8.3.1 Civil Rights Movement – Analyze the key events, ideals, documents, and organizations in the struggle for civil rights by African Americans including:
the impact of WWII and the Cold War (e.g., racial and gender integration of the military)
Supreme Court decisions and governmental actions
Brown v. Board (1954),
Civil Rights Act (1957),
Little Rock schools desegregation,
Civil Rights Act (1964),
Voting Rights Act (1965)
protest movements, organizations, and civil actions
integration of baseball,
Montgomery Bus Boycott (1955–1956),
March on Washington (1963),
freedom rides,
National Association for the Advancement of Colored People (NAACP),
Southern Christian Leadership Conference (SCLC),
Student Non-violent Coordinating Committee (SNCC),
Nation of Islam, Black Panthers)
resistance to Civil Rights
8.3.2 Ideals of the Civil Rights Movement – Compare and contrast the ideas in the Martin Luther King’s March on Washington speech to the ideas expressed in the
Declaration of Independence,
the Seneca Falls Resolution, and
the Gettysburg Address.
8.3.3 Women’s Rights – Analyze the causes and course of the women’s rights movement in the 1960s and 1970s (including role of population shifts, birth control, increasing number of women in the work force, National Organization for Women (NOW), and the Equal Rights Amendment (ERA)).

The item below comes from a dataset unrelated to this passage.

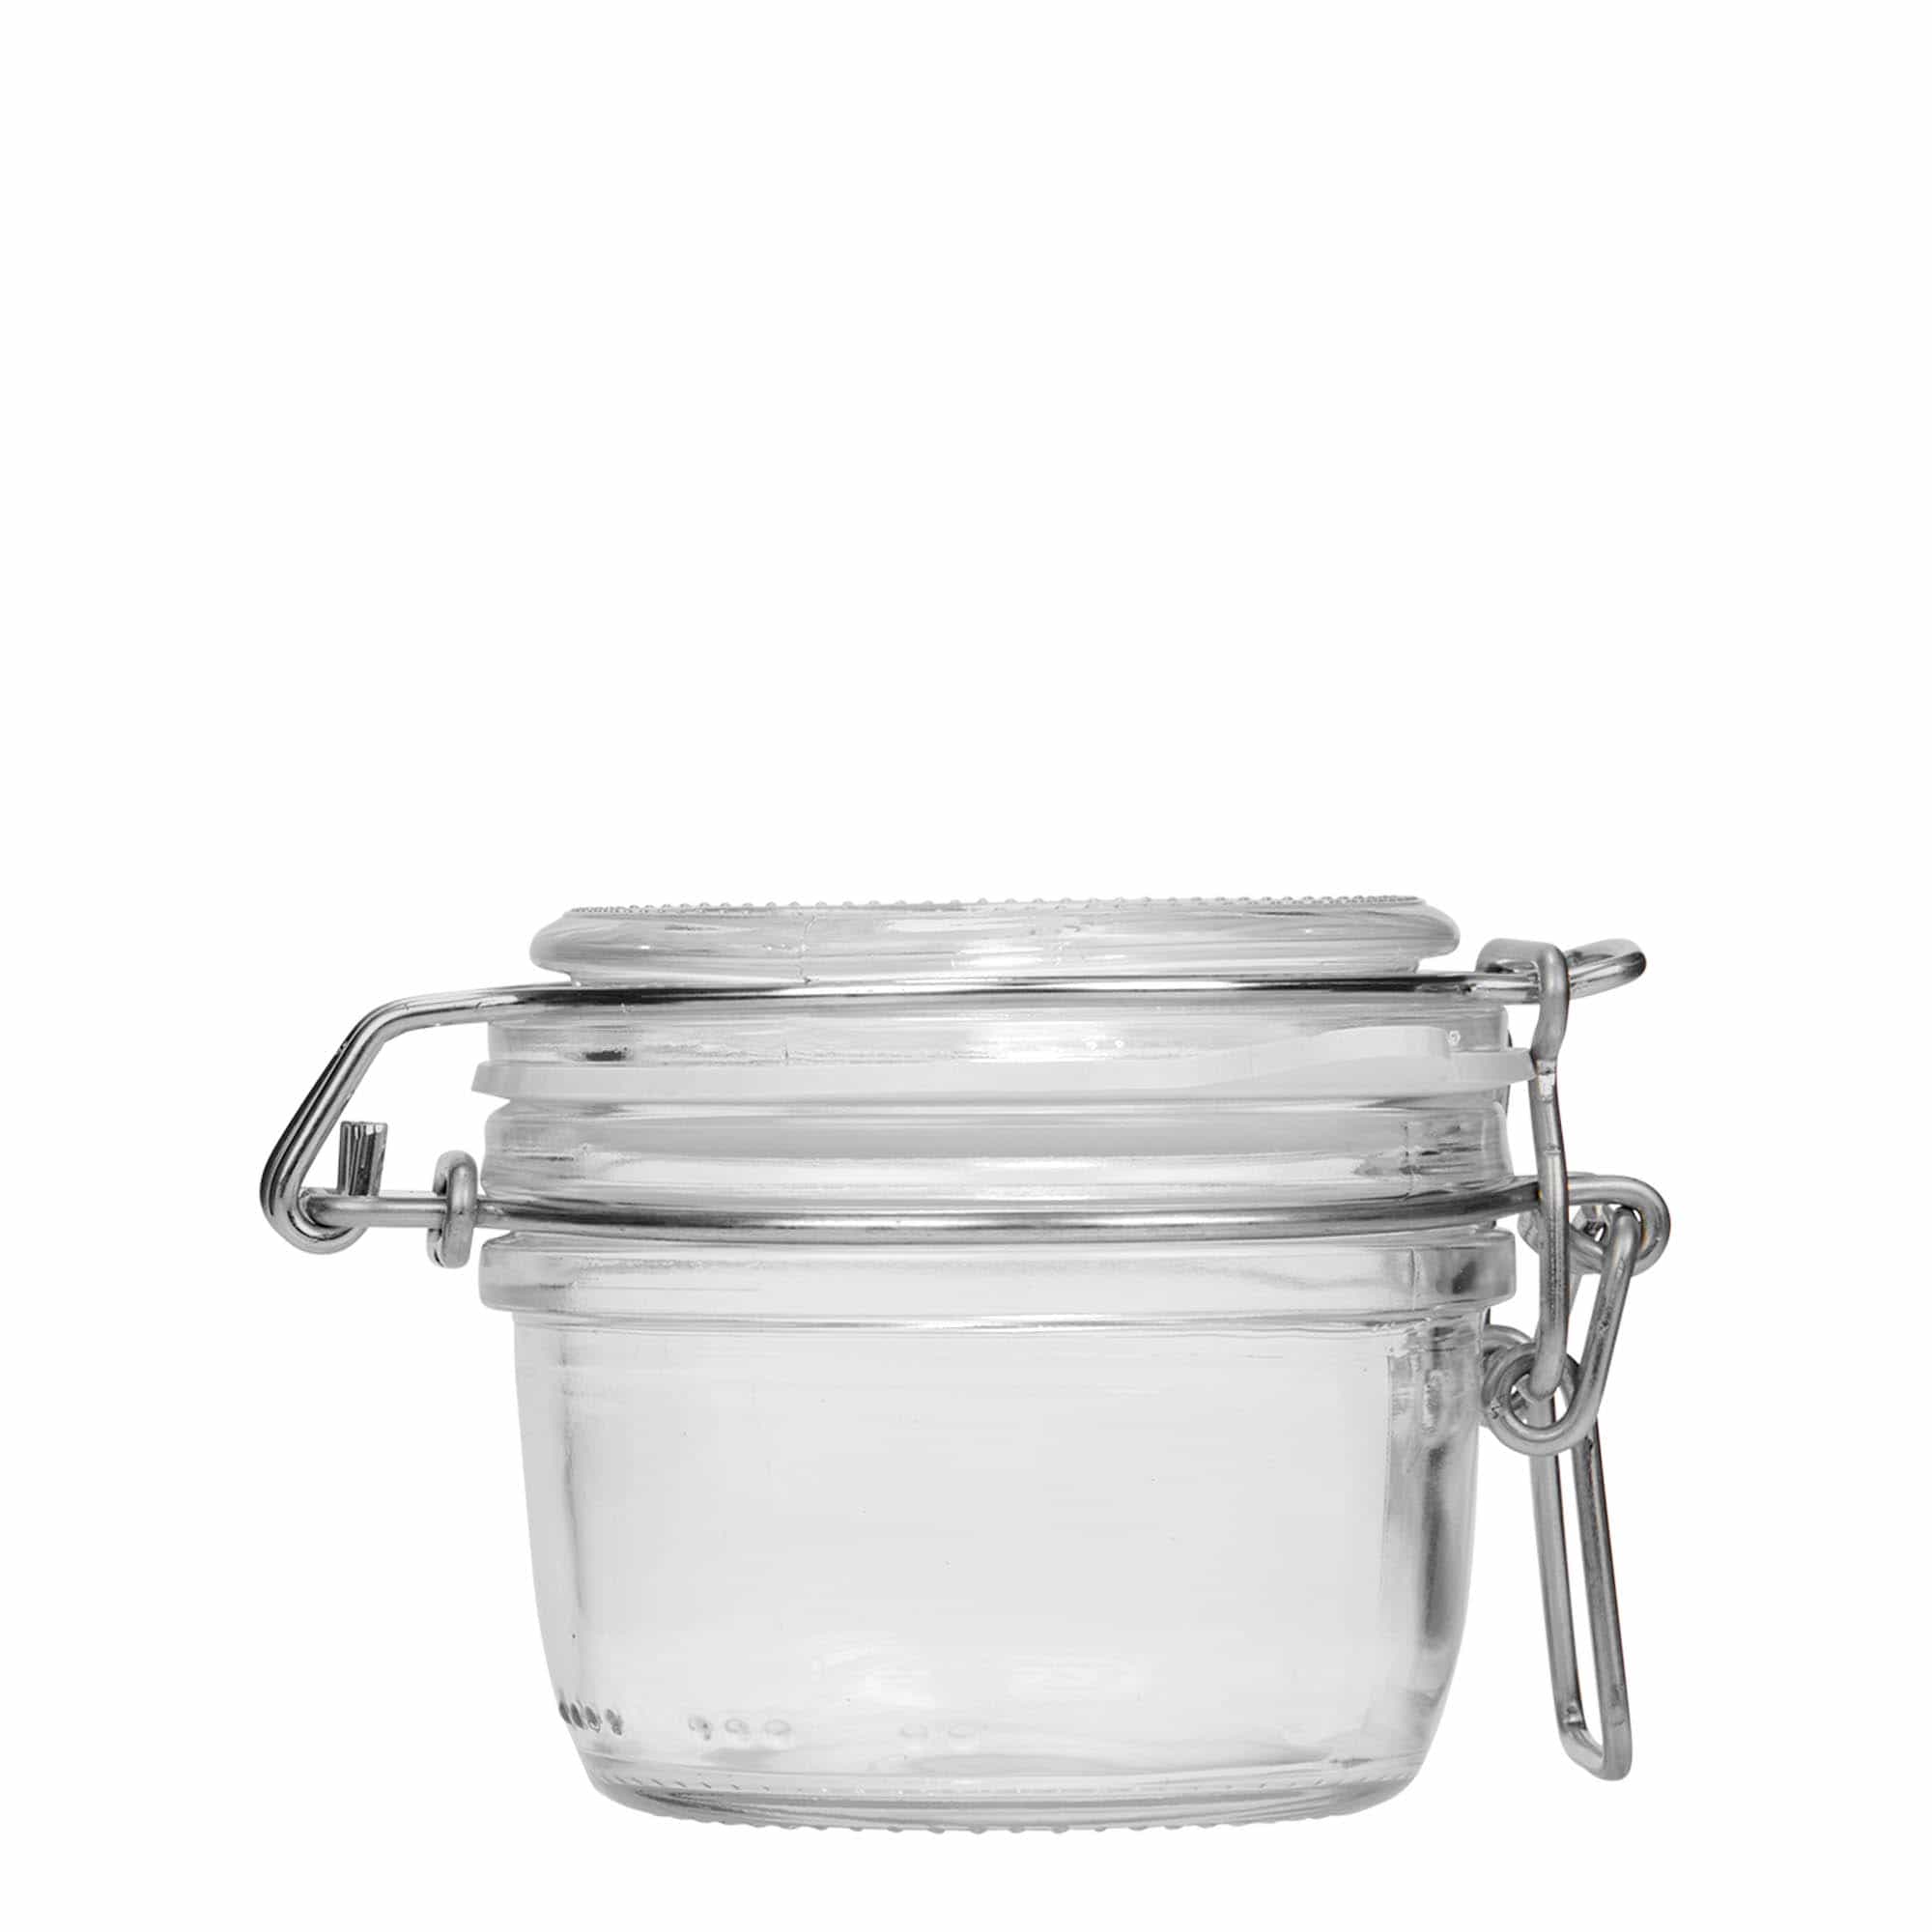 125 ml clip top jar 'Fido', closure: clip top

8.3.4 Civil Rights Expanded – Evaluate the major accomplishments and setbacks in civil rights and liberties for American minorities over the 20th century including American Indians, Latinos/as, new immigrants, people with disabilities, and gays and lesbians.
8.3.5 Tensions and Reactions to Poverty and Civil Rights – Analyze the causes and consequences of the civil unrest that occurred in American cities by comparing the civil unrest in Detroit with at least one other American city (e.g., Los Angeles, Cleveland, Chicago, Atlanta, Newark).